Neden yahu?

Neden yahu?
Photo by Sepp Rutz / Unsplash

Neden hep çalışmamız gerekiyor?

Sabah uyanıyoruz, hazırlanıyoruz, işe gidiyoruz, bir şeyler yapıyoruz. Bize sorumluluklar yükleniyor. Onları yerine getiriyoruz. Bitmiyor. Ertesi gün devam ediyor. Sonraki gün de devam ediyor. Hafta sonu nefes aldık zannediyoruz. Sonra gene çalışıyoruz. Tatile çıkıyoruz. Geri dönüyoruz. Kaldığımız yerden devam ediyoruz. Yaşlanıyoruz. Emekli olduğumuzda, tüm bu yaşımızda yapabileceğimiz şeyleri yapmaya artık gücümüz kalmıyor. Aslında emeklilik falan hikaye. Artık posamız çıktığında, bizi eski atık bilgisayarlar gibi kenara itekliyorlar. Sistemden çıkarıyorlar çünkü artık bizden istedikleri verimi alamıyorlar. Hepsi bu. Emeklilik bir hak değil ki?
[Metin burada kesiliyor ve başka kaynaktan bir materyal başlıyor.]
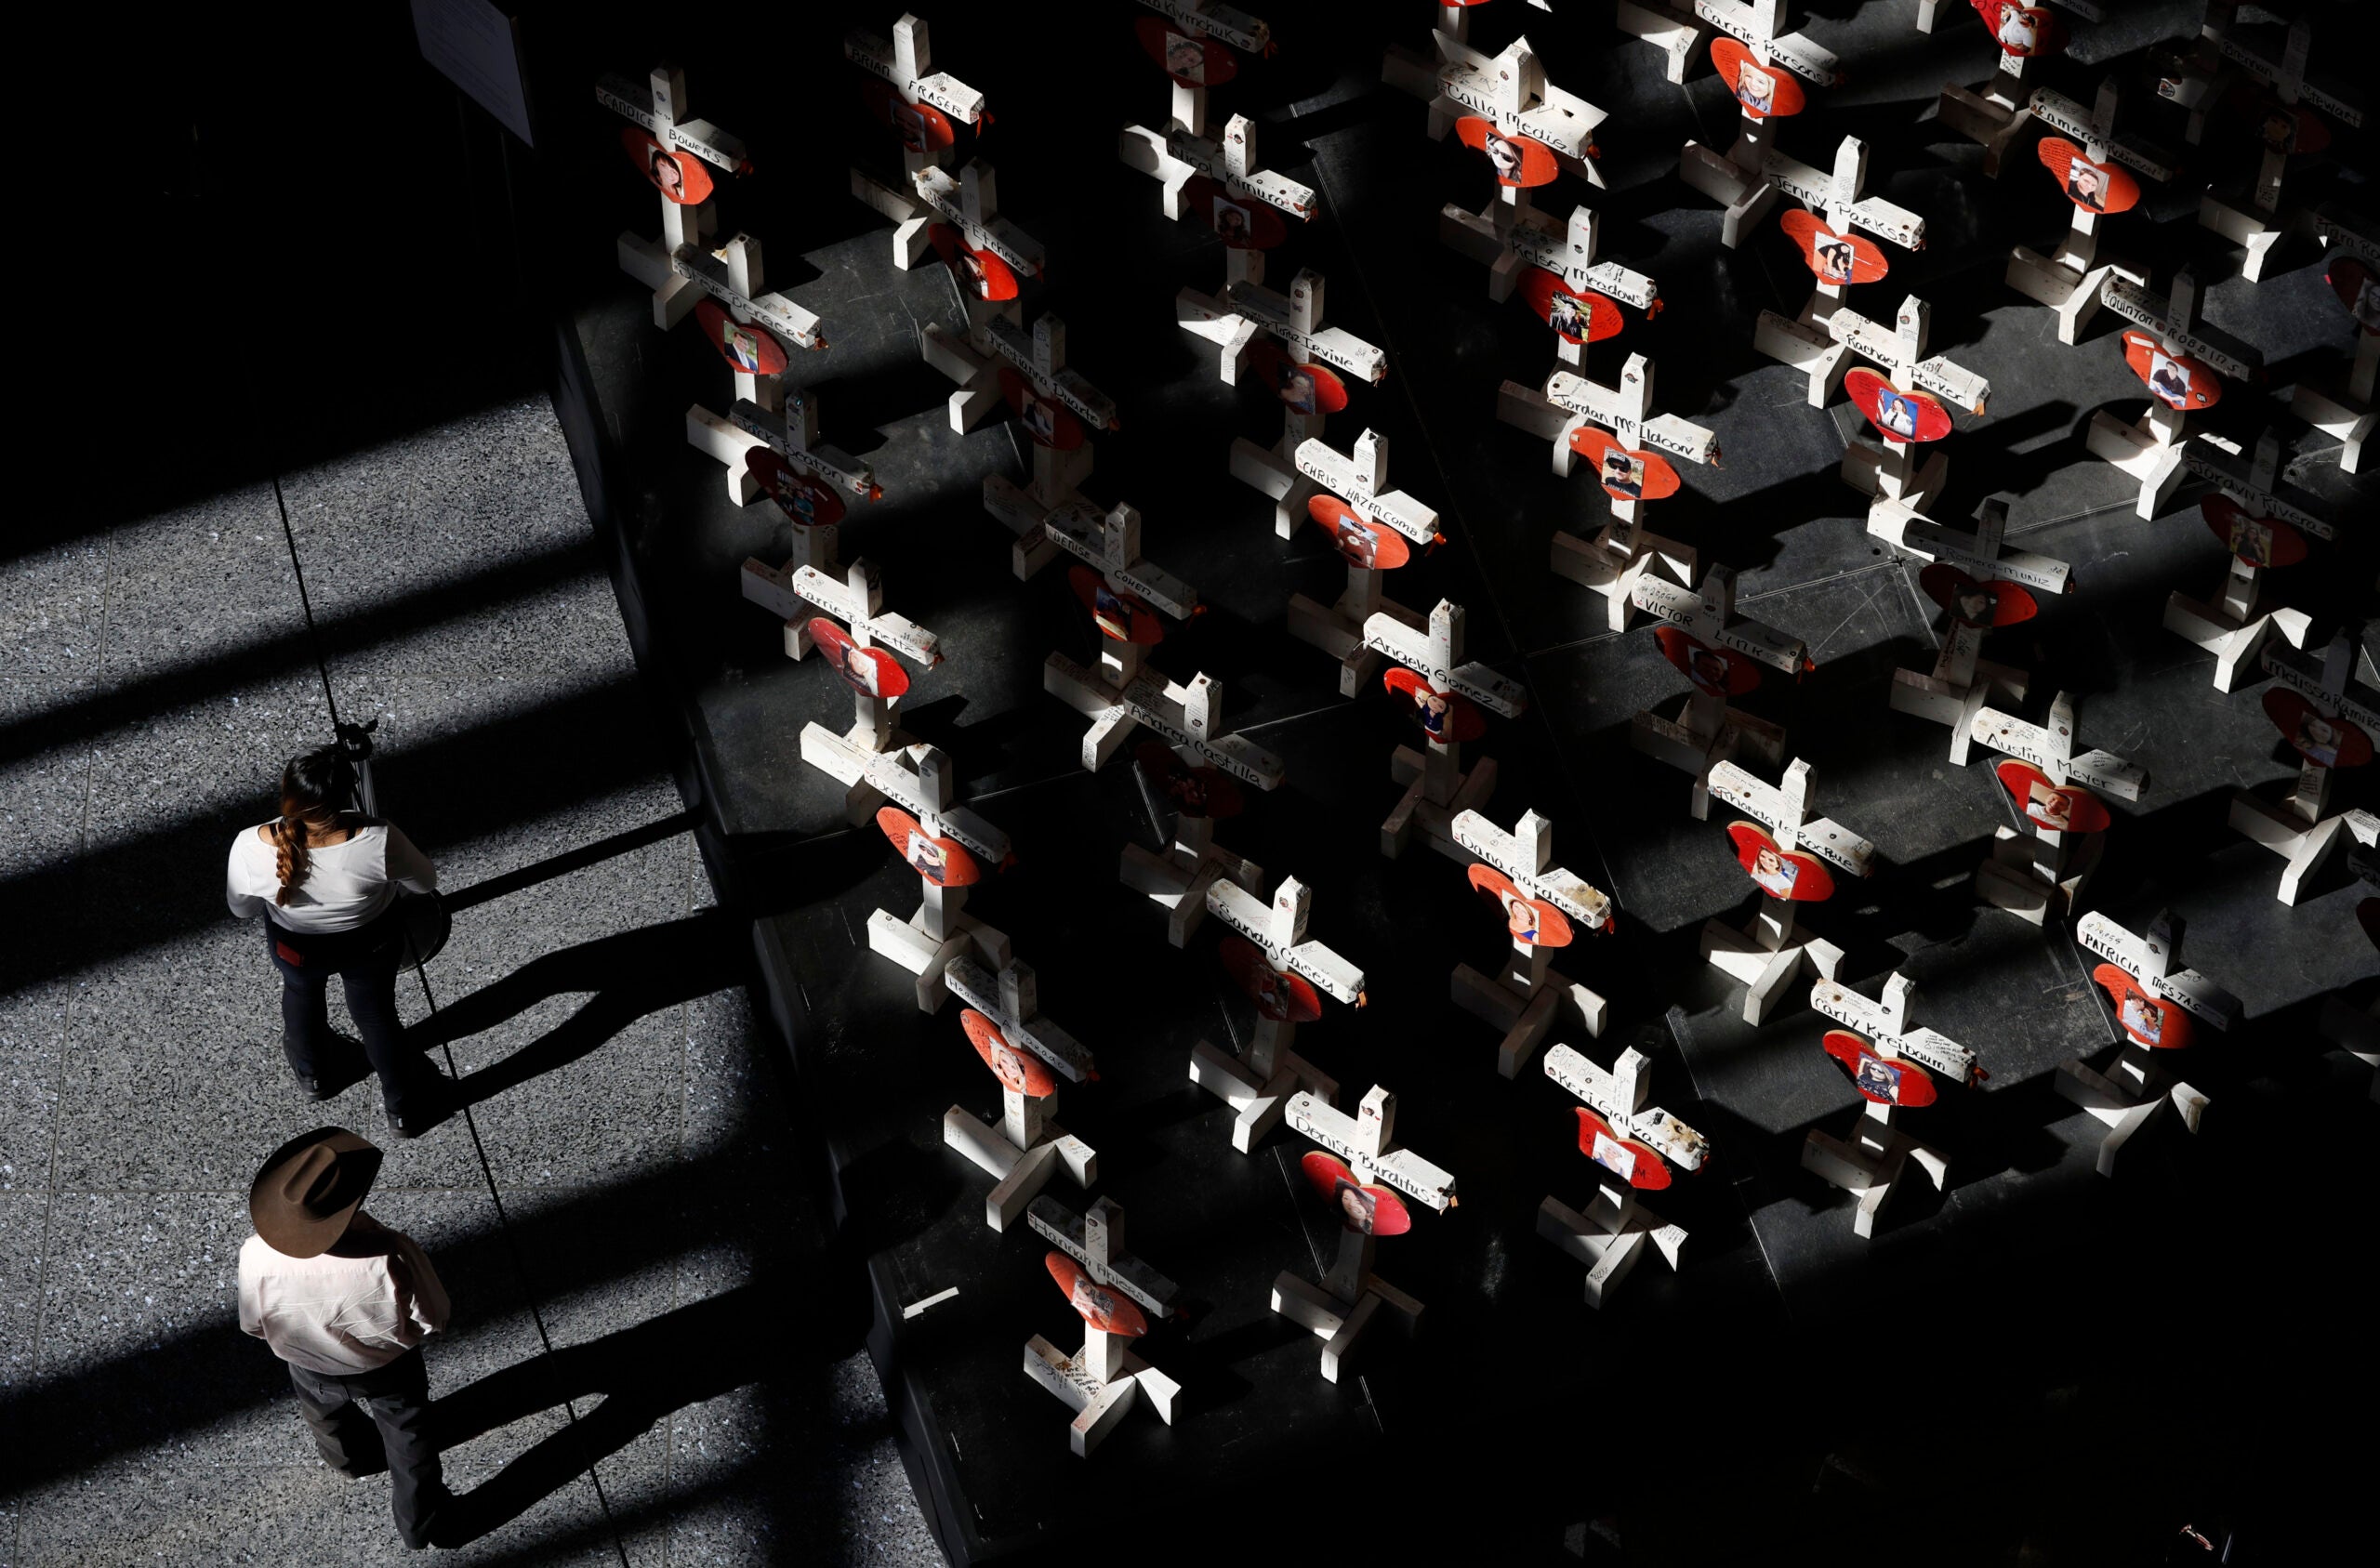 alt = People look at a display of wooden crosses and a Star of David on display at the Clark County Government Center in Las Vegas in 2018.

Emeklilik sadece artık işlevini görmeyen eskimiş bir parçanın çıkarılarak yenisiyle değiştirilmesi. Öldürmediklerine ve yaşamamıza izin verdiklerine dua etmemiz lazım. Kesin bundan yirmi yıl sonra öldürürler de.

"Emekli mi oldun? Vah canım, daha çok da gençmişsin. Neyse, bak şimdi. İki iğne var. Birisi ucuz, devlet bunu karşılıyor. Öldürürken çok acıtıyor ama beş dakikaye öleceksin zaten. Diğeri, ne yazık ki SGK karşılamıyor ama seni çok güzel bir uykuya uyutuyoruz. Öldüğünü anlamıyorsun bile. Hangisini istersin?"

Ne yapıyoruz ya? Ben burada ne yapıyorum? Bu masada ne işim var? Neden hep bir sonrak işin ne olduğuna bakıp sadece devam ediyorum ki?

Basit. Çünkü başka çarem yok. Küçük bir kızım, bir ailem var. Geçinmemiz gerek. O yüzden, kızım da bu sistemin içine dahil olup benden boşalacak boşlukta kendisine bir yer bulsun ve aynı boktan döngünün içinde bir gün kendi hayatını sorgulasın diye çalışmam gerekiyor.

Çok komik. Nasıl bu noktaya getirmeyi başardık "medeniyeti"? Nerede hata yaptık? Böyle olmamalıydı sanki.